This module builds on: Module 7 (M7) Similar shapes
Similar Shapes
When a shape is enlarged, the image is similar to the original shape. It is the same shape but a different size. Similarity is used with 3-D shapes to solve problems.
Enlargement Effect on Perimeter, Area and Volume
When we enlarge a shape by a scale factor, the length of each edge and the perimeter are multiplied by the scale factor.
When we enlarge a shape by a scale factor, the area of the shape is multiplied by the square of the scale factor.
When we enlarge a shape by a scale factor, the volume of the shape is multiplied by the cube of the scale factor.
Example
Two similar tanks are filled with water. One has a capacity of \(30\text{m}^{3}\), the other a capacity of \(240\text{cm}^{3}\). Calculate the scale factor for the lengths of the tanks and the scale factor for the surface areas.
Solution
Scale factor for volume = \(240 \div 30 = 8\)
Scale factor for length = \(\sqrt[3]{8} = 2\)
Scale factor for area = \(2^2 = 4 \)
Question
The two tins of soup are similar. The volume of the small tin is approximately \(125\text{cm}^{3}\) and the volume of the larger tin is \(500\text{cm}^{3}\).

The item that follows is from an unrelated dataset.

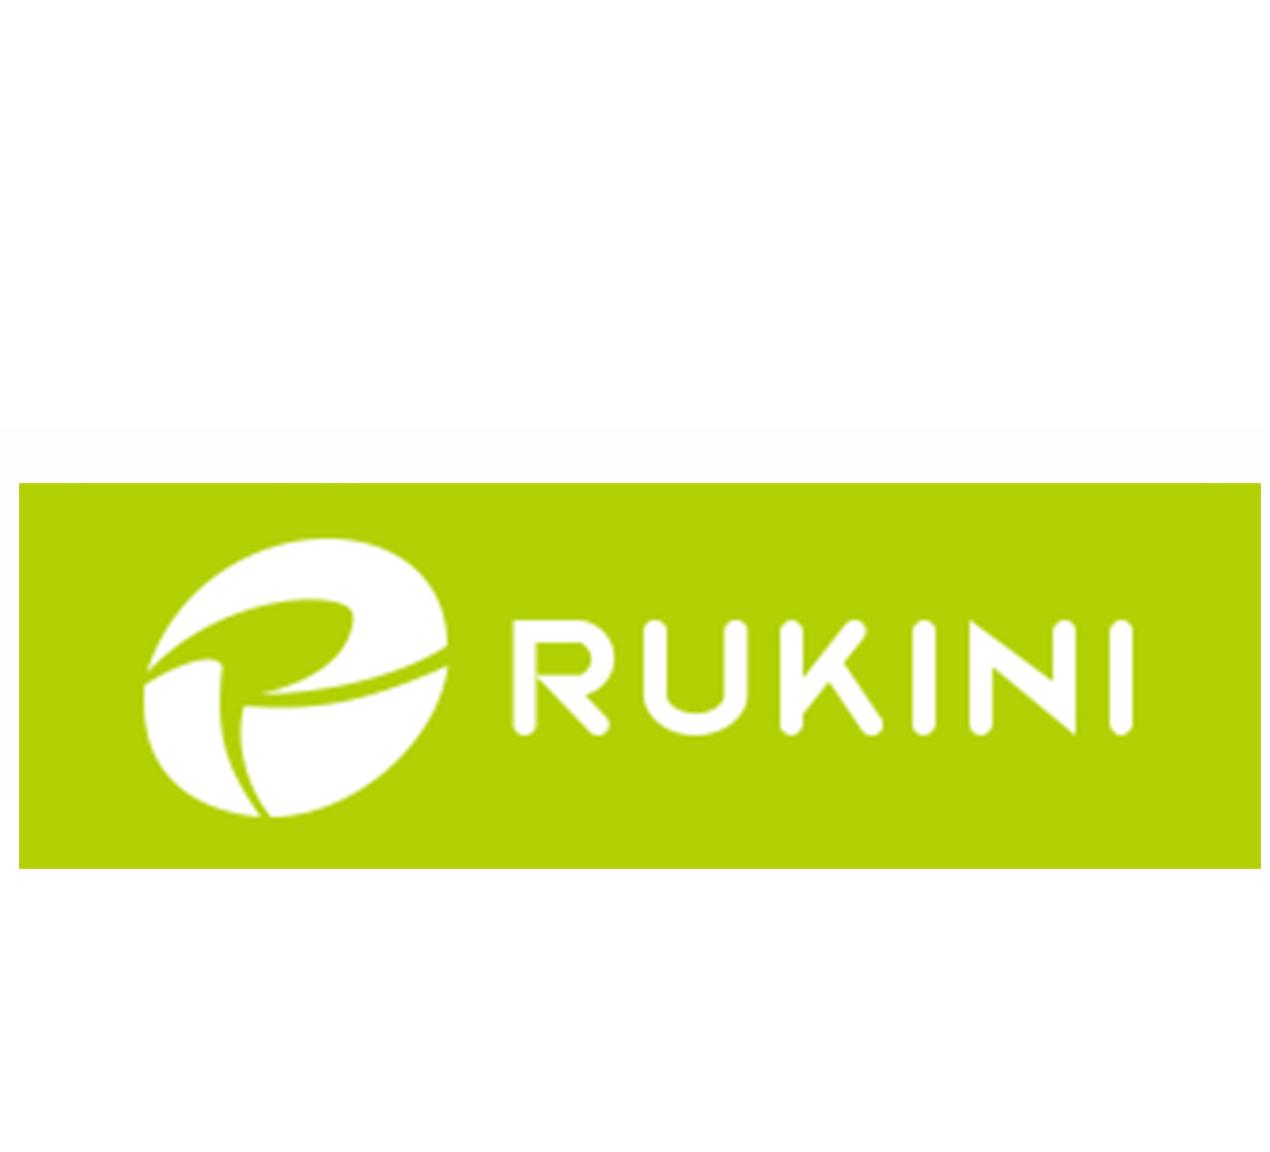 Rukini

Calculate the diameter of the larger tin.
Answer:
The scale factor of the volumes is \(500 \div 125 = 4\)
The scale factor of the lengths will be \(\sqrt[3]{4}\)
The diameter of the larger tin is \(5 \times \sqrt[3]{4} = 7.9\) (1 d.p.)
Ratios
Ratios can also be used to express scale factor.
Example
Two similar pyramids have volumes \(64 \text{cm}^{3}\) and \(343 \text{cm}^{3}\).
What is the ratio of their surface areas?
Solution
Volume ratio = \(64 : 343\)
Length ratio = \(\sqrt[3]{64} ∶ \sqrt[3]{343} = 4 : 7\)
Area ratio = \(4^2 : 7^2 = 16 : 49\)
Question
The diagram shows a large cone of radius 6 cm and height 18 cm and a small cone with height h.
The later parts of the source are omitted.